The second model is the doctor and equipment model, which involves public hospital doctors bringing patients to private hospitals and utilising their medical equipment for treatment. One example is collaboration where general doctors were trained in handling gamma knife equipment for cancer treatment and then applied it to treating patients at zero cost at seven hospitals in IHH Malaysia.

This is crucial as the even distribution of patients reduces waiting times in public hospitals and maximises the usage of medical equipment in the private sector. The pandemic has also prompted us to emphasise mental health care more. While Gleneagles was able to avoid the full brunt of the pandemic, resulting in low infectivity rates and cases among its workforce, we did not anticipate its effects on their mental health.

As a result, we opened a hotline accessible to all staff members under IHH Malaysia where they could be attended to by our psychiatry professionals who provided tips on mental relief. We also conducted mental health assessments anonymously and periodically to avoid stigmatising staff members.

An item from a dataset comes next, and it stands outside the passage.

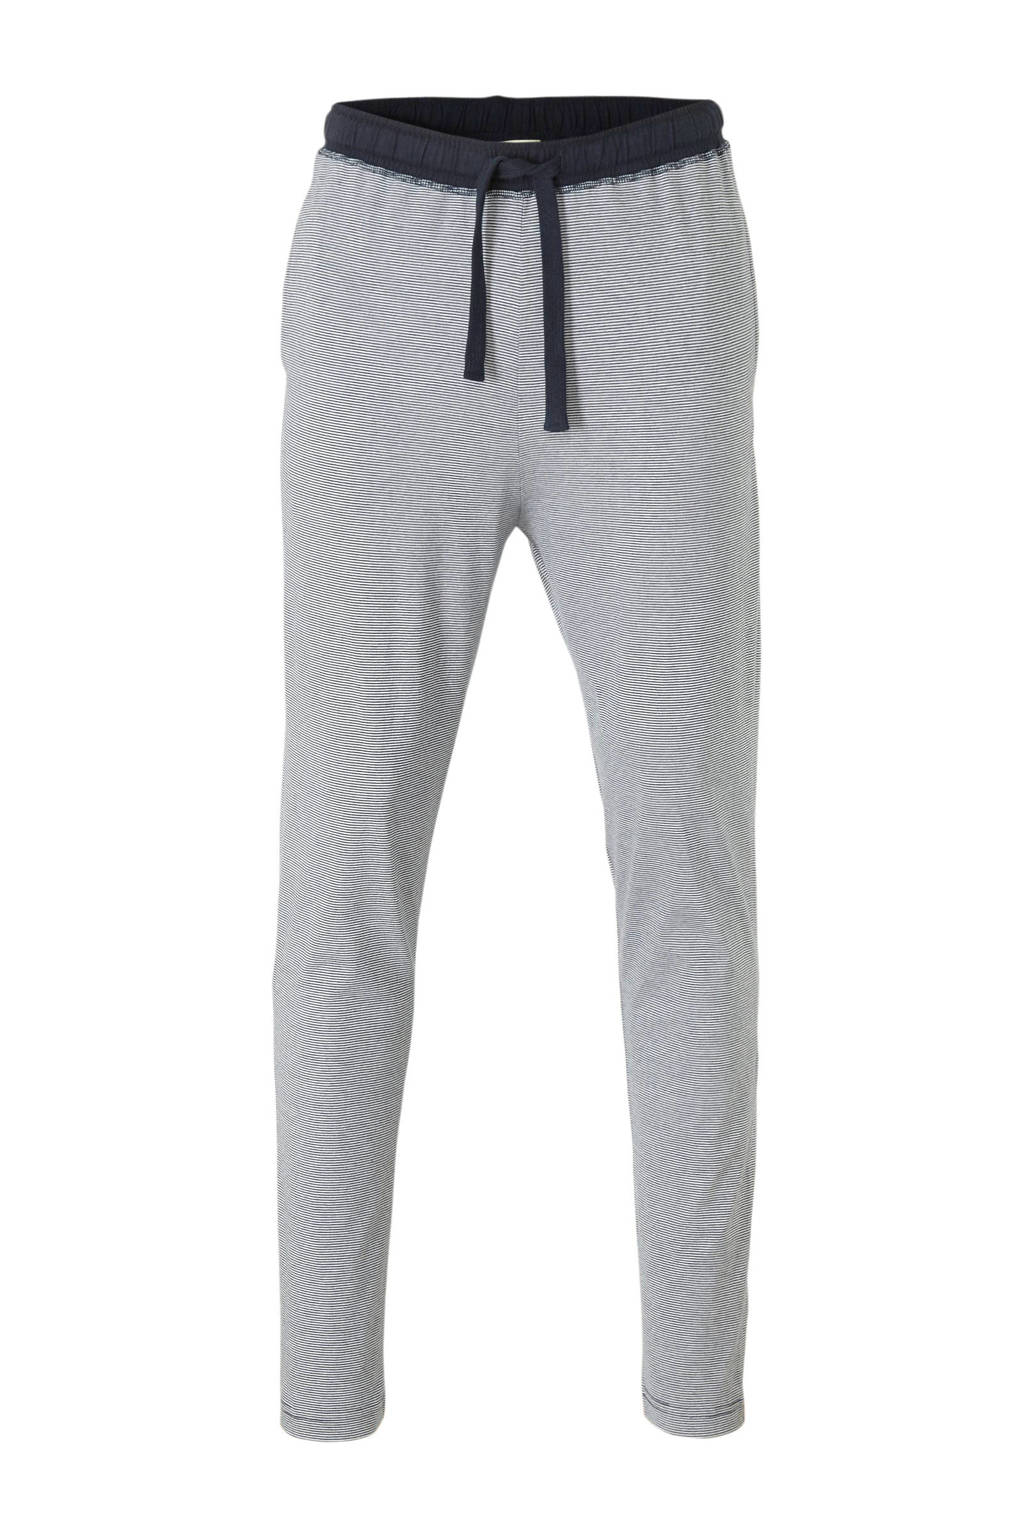 Tom Tailor gestreepte pyjamabroek marine/wit, Marine/wit

We carried out the assessment using the DASS-21 form, where the results are interpreted by our resident psychologists and psychiatrist followed by an interview session with the staff who filled out the form. This is followed by a report summarising the team’s stress levels, which determines follow-up interventions by the psychologists. For example, if it's determined that staff are presenting with high-stress levels, they will further interact with our psychiatry team until their stress level is reduced.

What recommendations would you propose for enhancing the healthcare system?

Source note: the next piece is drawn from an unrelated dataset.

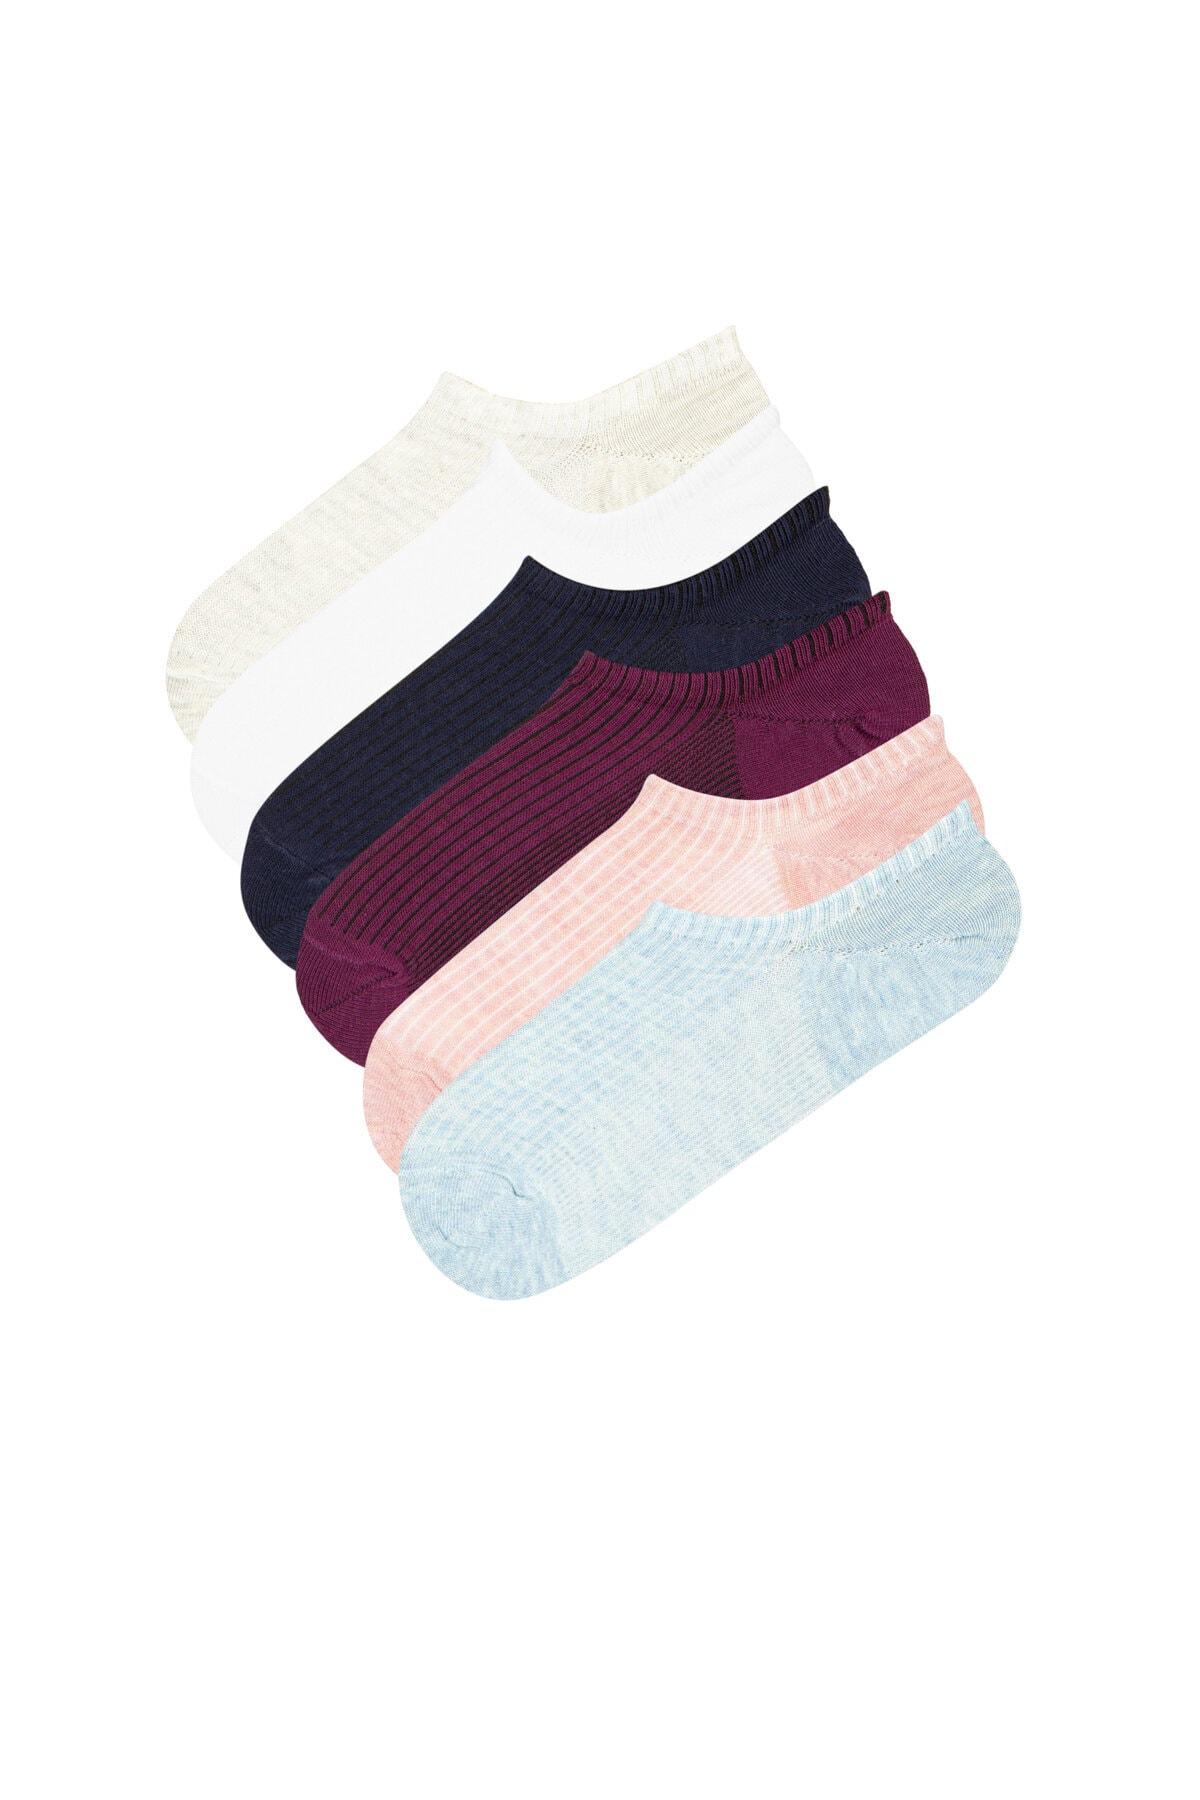 Penti Kadın Çok Renkli Grapes 6Li Babet Çorap

Despite the recent national budget not mentioning PPP initiatives, I am satisfied there is a significant financial allocation to improve the infrastructure facilities of public hospitals and clinics. Specifically, RM1.8 billion (about US$414 million) will be spent on the construction of hospitals, clinics, and medical equipment procurement. I am also proud that Budget 2023 also touched on mental health, which was generally been destigmatised due to COVID, by announcing the establishment of a National Mental Health Centre of Excellence to coordinate surveillance, research, and implementation of mental health programmes.

Given the continuing trend of local medical professionals seeking healthcare workers’ employment abroad and the increasing bed capacity in which a total of 1,500 additional beds at private hospitals is expected by 2025, we will need to focus on recruiting more nurses.

How is the current system making hiring foreign doctors much easier?

APHM has advocated for a more comprehensive review of the hiring process to significantly improve turnaround time. The applications for the Annual Practicing Certificate (APC), a local practising certificate, and the National Specialist Registry (NSR) required for medical professionals to practise their medical discipline have been made significantly more straightforward.